WORK TASK: Take the lines from the one with "Moroccan national Nabil" through the last line of the material below and write them out exactly, without any pictures.

++++ DATA BELOW ++++

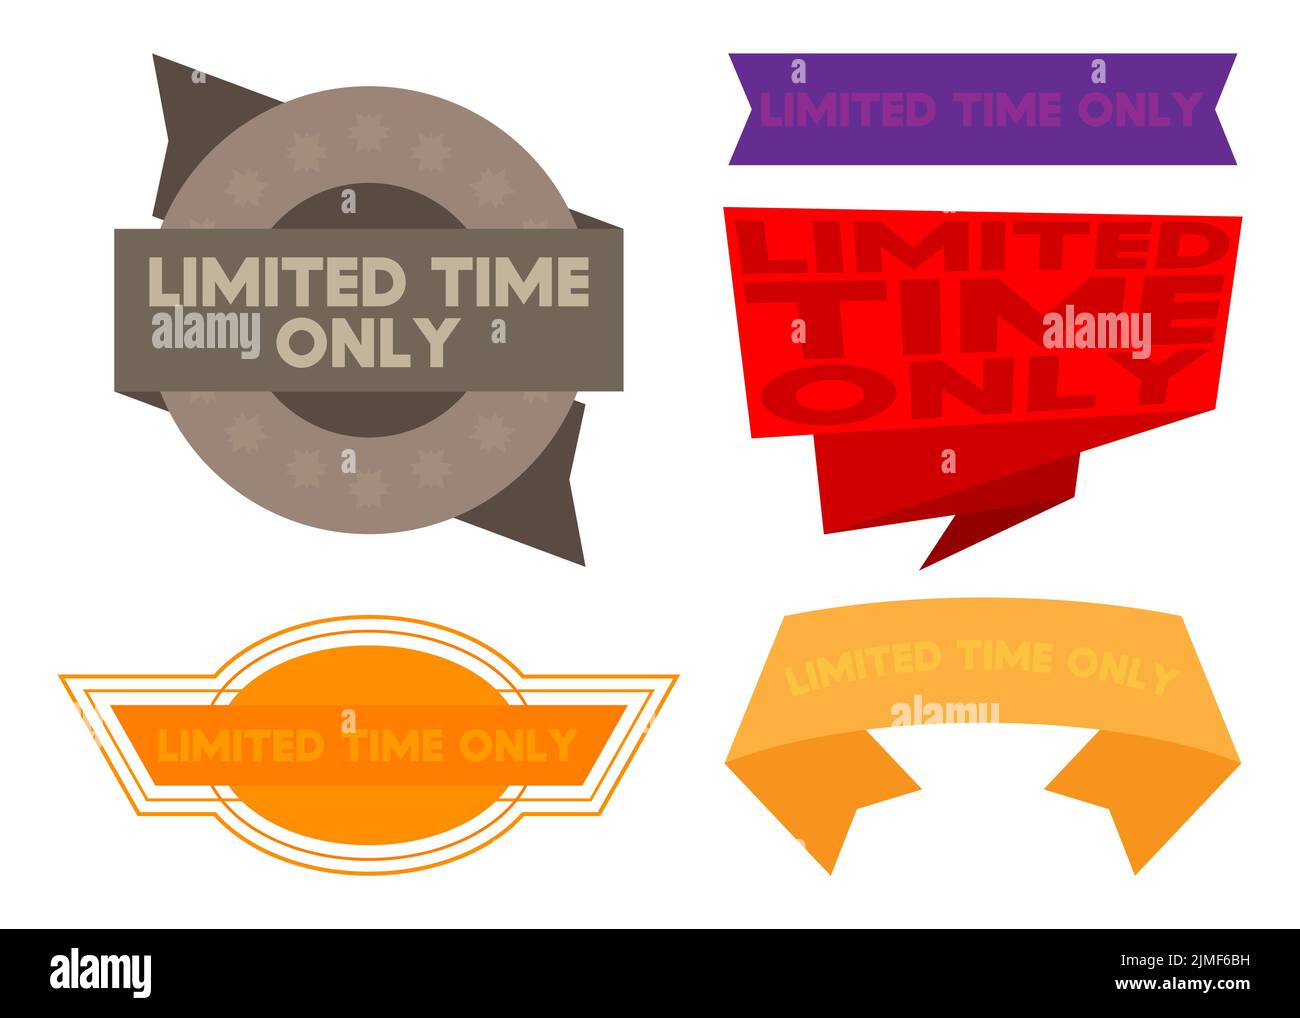 https://c8.alamy.com/comp/2JMF6BH/set-of-ribbon-with-limited-time-only-text-banner-template-label-sticker-sign-2JMF6BH.jpg
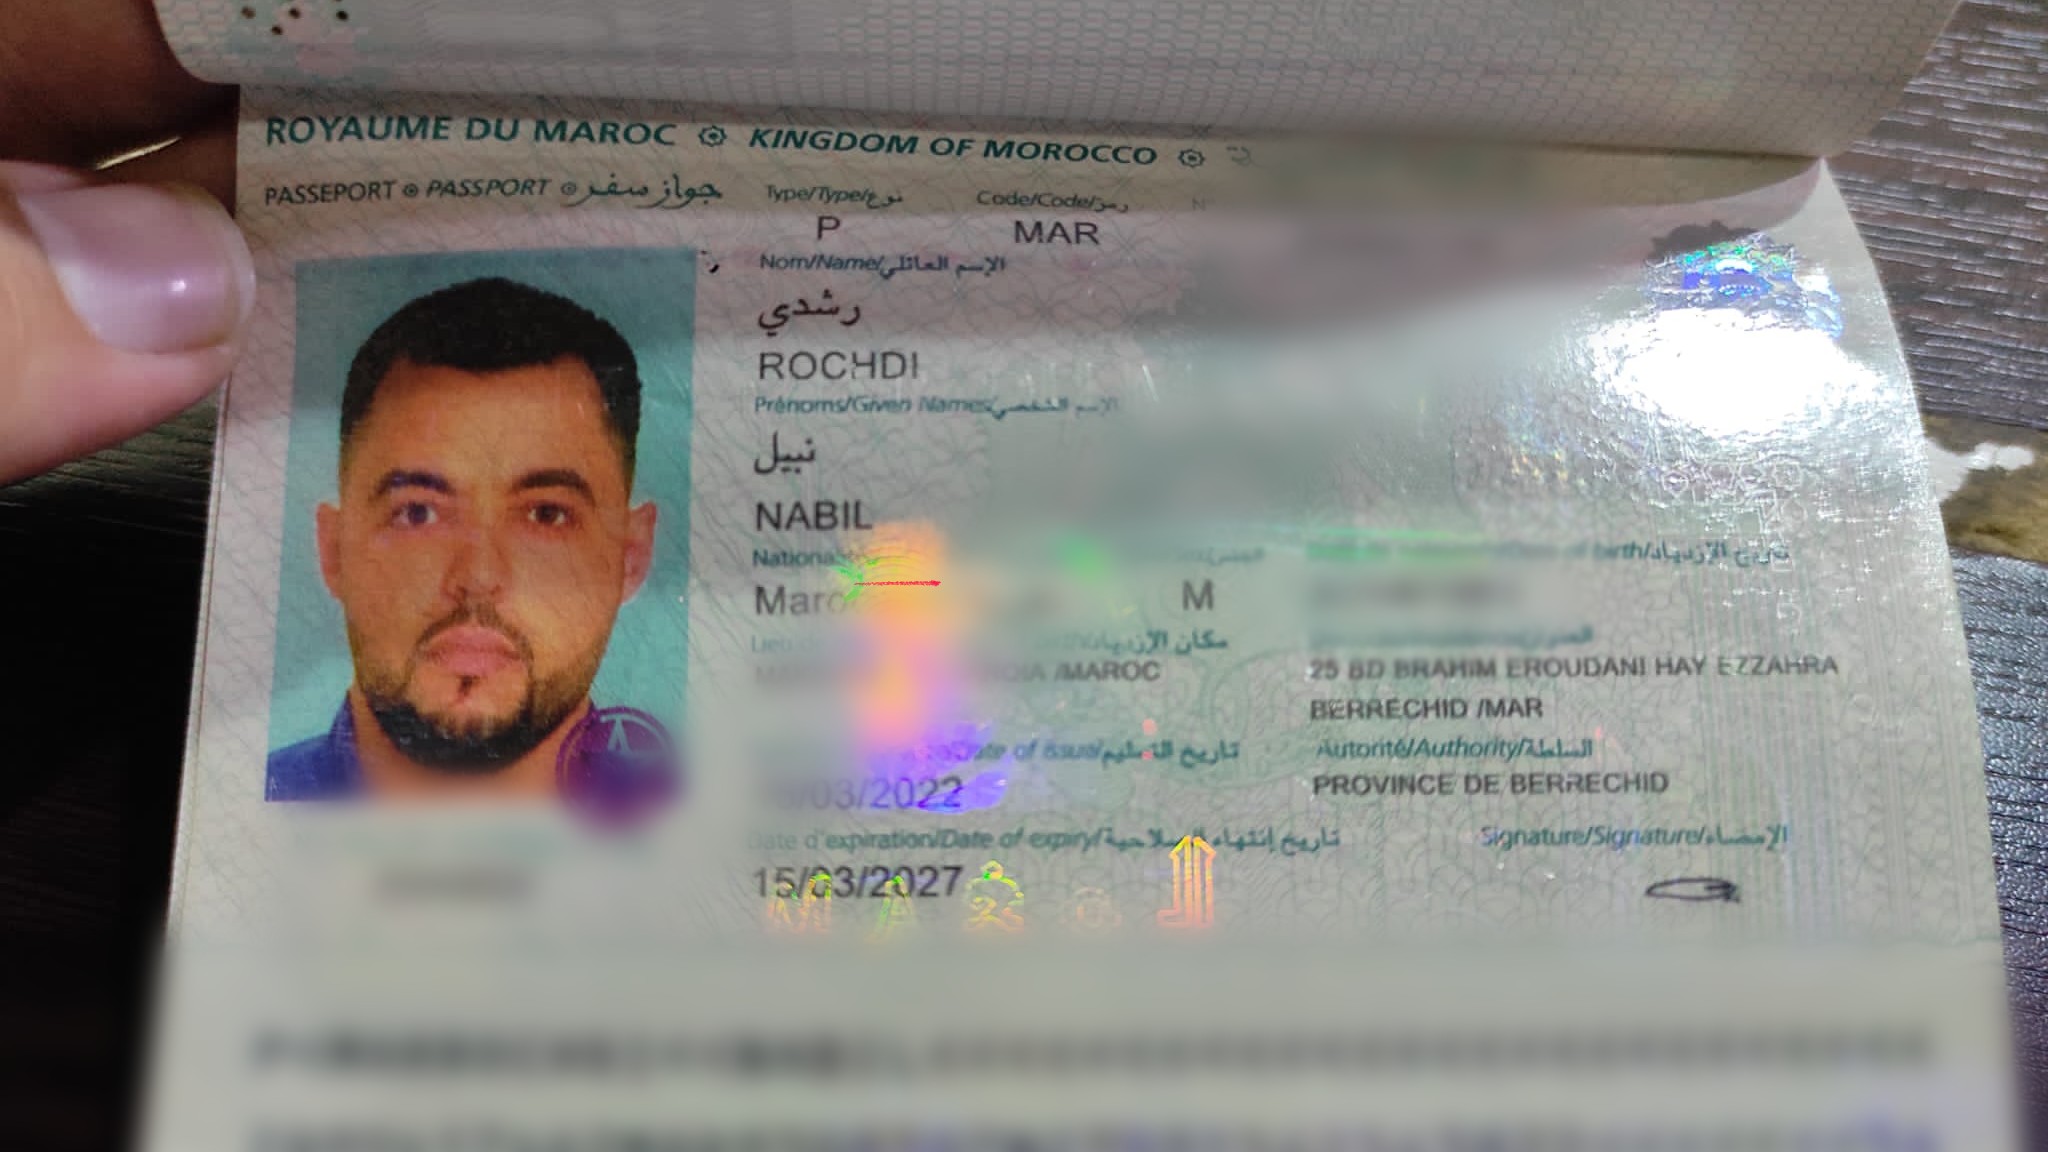 Moroccan national Nabil Rochdi presented Middle East Eye with copies of his passport, as shown here, and his National ID (MEE/MEE Correspondent)
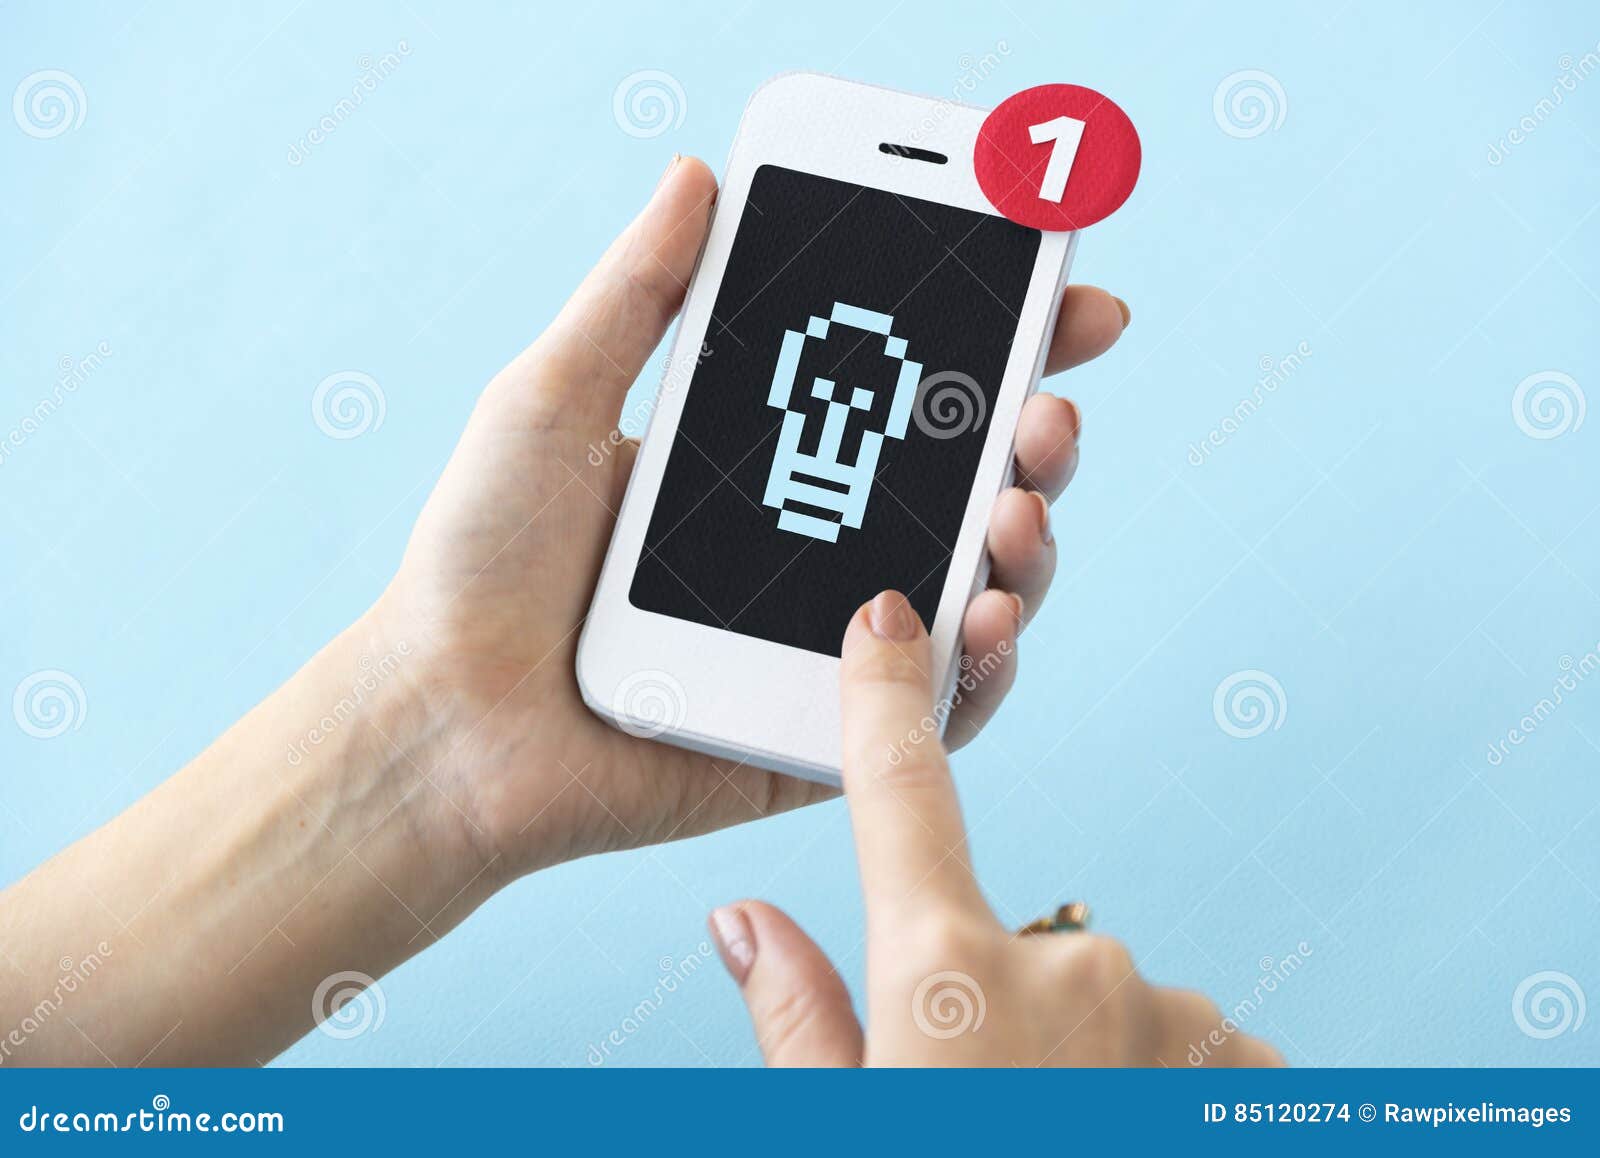 Gadget Application Technology Icon Concept Stock Photo - Image of
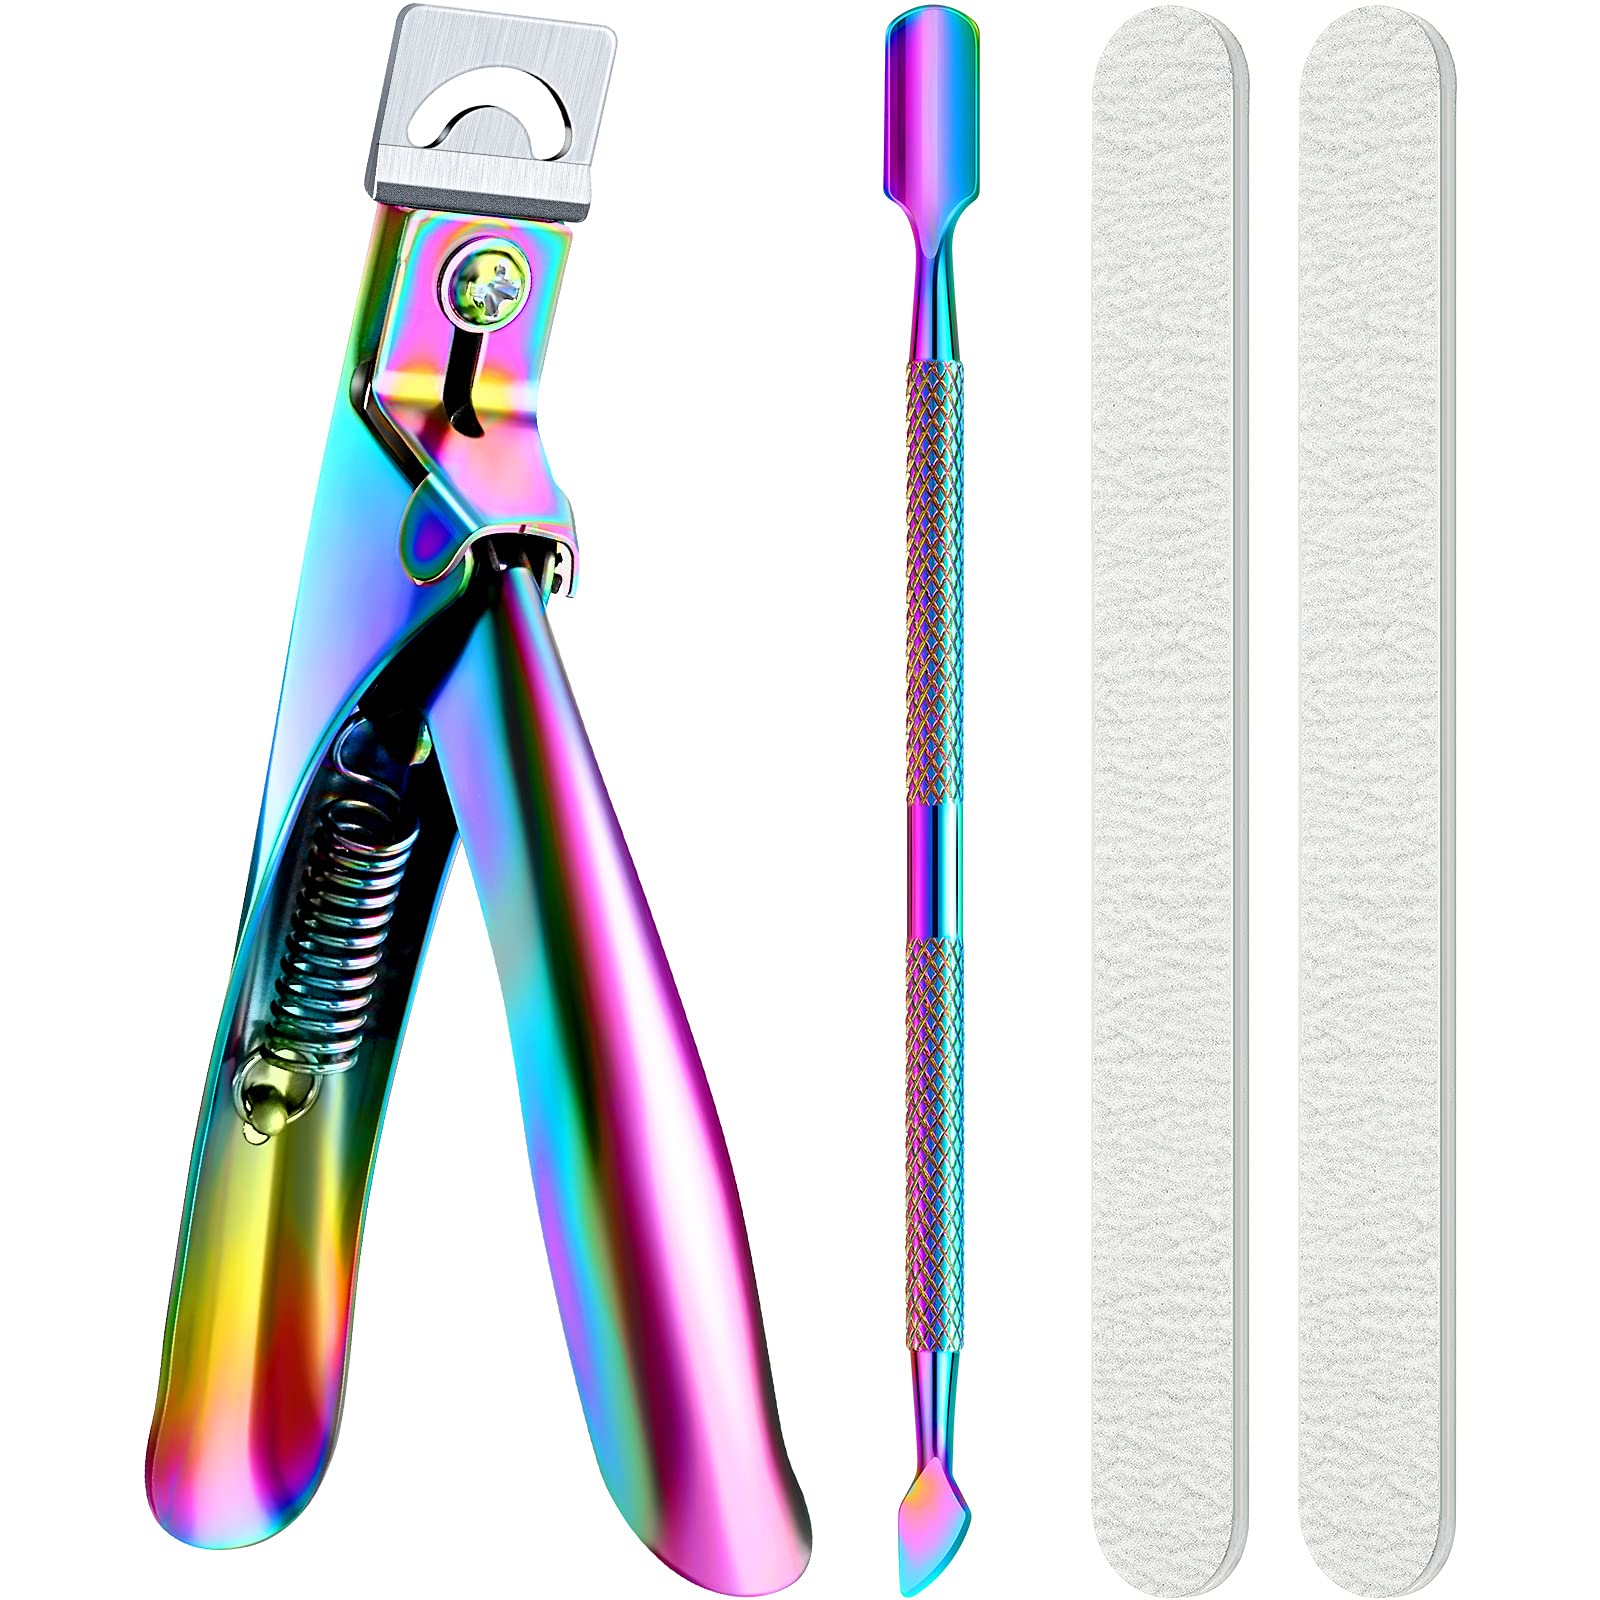 Stainless Steel Nail Clippers Cutter Trimmer Manicure Scissors

++++

RESPONSE TO THIS EXERCISE:
 Moroccan national Nabil Rochdi presented Middle East Eye with copies of his passport, as shown here, and his National ID (MEE/MEE Correspondent)
 Gadget Application Technology Icon Concept Stock Photo - Image of
 Stainless Steel Nail Clippers Cutter Trimmer Manicure Scissors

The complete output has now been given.